Sementara itu, Wakil Ketua Badan Legislasi (Baleg) DPR Ahmad Doli Kurnia merespons soal tidak masuknya RUU Perampasan Aset ke dalam program legislasi nasional (Prolegnas)yang ditetapkan Baleg DPR. Pasalnya, ia menilai Indonesia sudah cukup memiliki aturan soal pemberantasan korupsi, tanpa adanya RUU Perampasan Aset.
"Tapi dari pembicaraan teman-teman yang ada beberapa di sini (Baleg) ya, sebetulnya kalau bicara tentang pemberantasan korupsi, tanpa juga kita kemudian membuat Undang-Undang Perampasan Aset itu sudah cukup," kata Doli.
Terlebih, Presiden Prabowo Subianto juga terus menekankan bahwa korupsi harus dihilangkan. Sehingga, kata Doli, DPR RI akan terus berkomitmen untuk memberantas korupsi.
"Nah undang-undang apa saja yang diperlukan, nanti kita lagi mau susun, apakah termasuk UU Perampasan Aset, ini yang sedang kita kaji," ungkapnya.
Meski demikian, Doli meminta agar publik jangan lebih dahulu membuat kesimpulan bahwa DPR RI menolak atau menerima RUU Perampasan Aset. Karena DPR masih melakukan konsolidasi untuk menetapkan RUU apa saja yang akan masuk Prolegnas.
Rancangan Undang-Undang (RUU) tentang Perampasan Aset tidak ada di dalam daftar usulan RUU yang masuk ke program legislasi nasional (prolegnas).
Hal itu berdasarkan daftar yang dibacakan dalam rapat Badan Legislasi (Baleg) pada Senin (28/10/2024), yang membahas evaluasi periode sebelumnya dan usulan prolegnas 2025-2029. Berdasarkan surat Komisi III DPR RI per 24 Oktober lalu, hanya ada RUU tentang hukum acara perdata dan RUU tentang hukum perdata internasional yang dicanangkan di dalam prolegnas.
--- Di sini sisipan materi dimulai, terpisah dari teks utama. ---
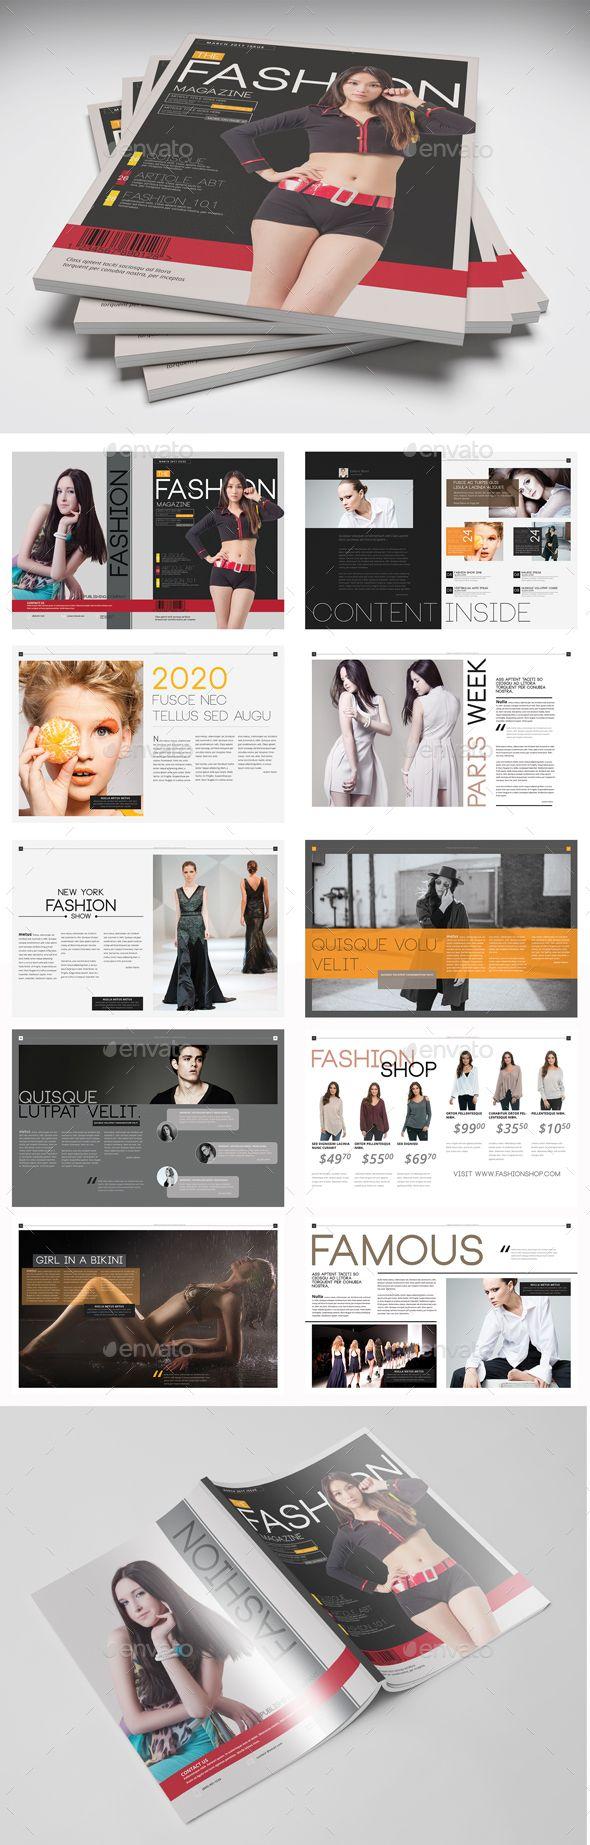 Template PSD Magazines Print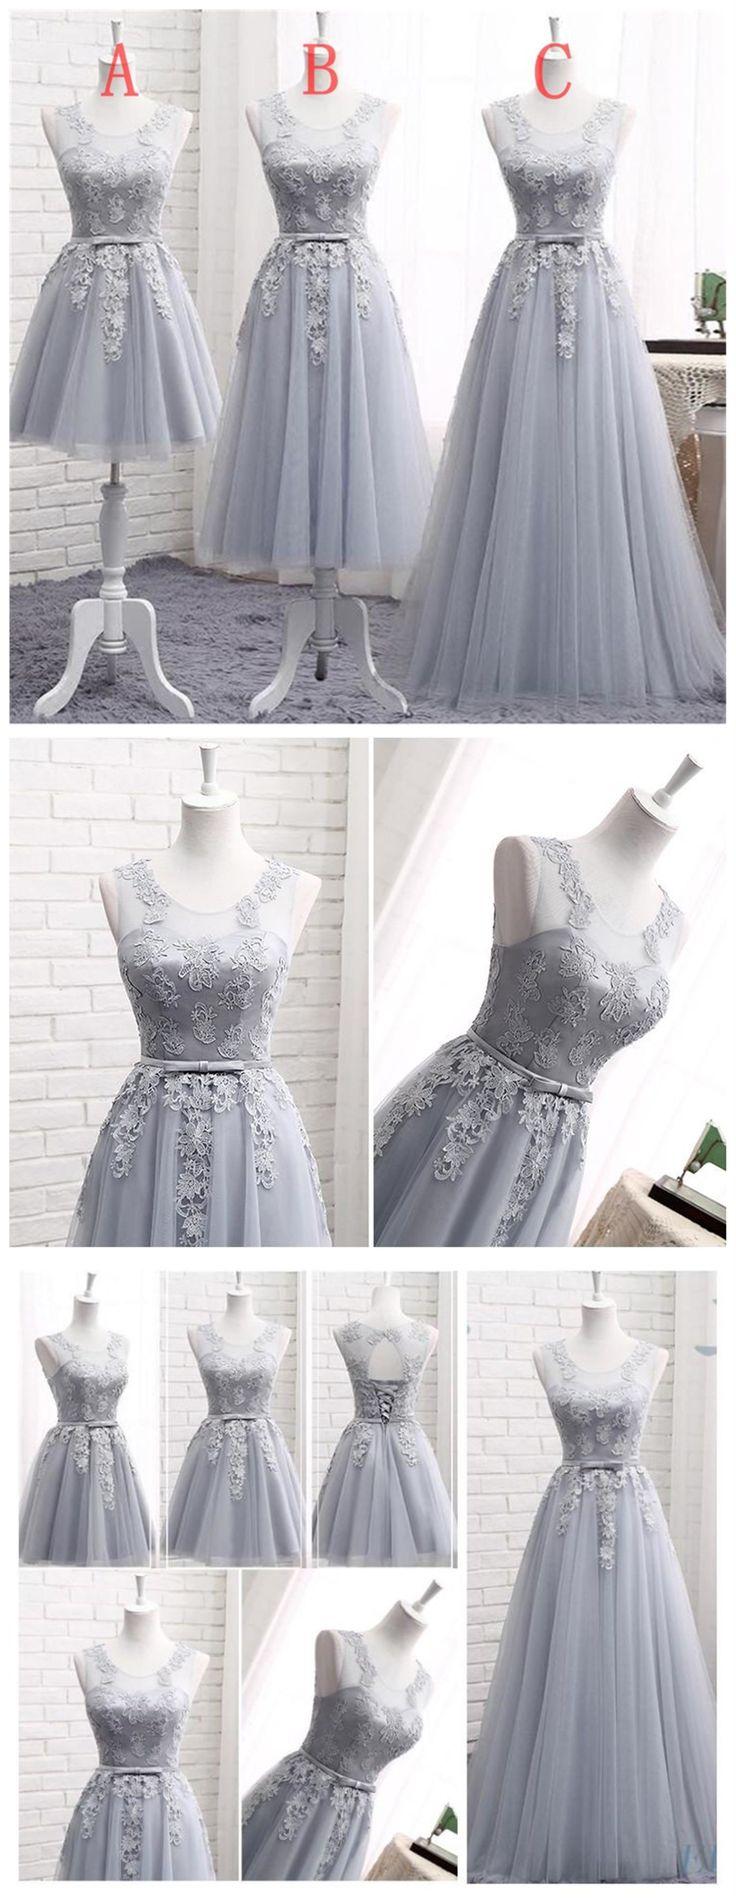 Gray Lace A line Long Bridesmaid Dresses, Cheap Custom Long Bridesmaid Dresses, Affordable Bridesmaid Gowns, BD019

Dengan tak masuknya RUU Perampasan Aset ke Prolegnas, artinya RUU yang sudah diusulkan pemerintah ini lagi-lagi tak jelas nasibnya. Padahal, DPR periode lalu sempat berdalih bahwa RUU yang diyakini dapat memiskinkan koruptor itu tak dapat dikerjakan karena watku yang mepet.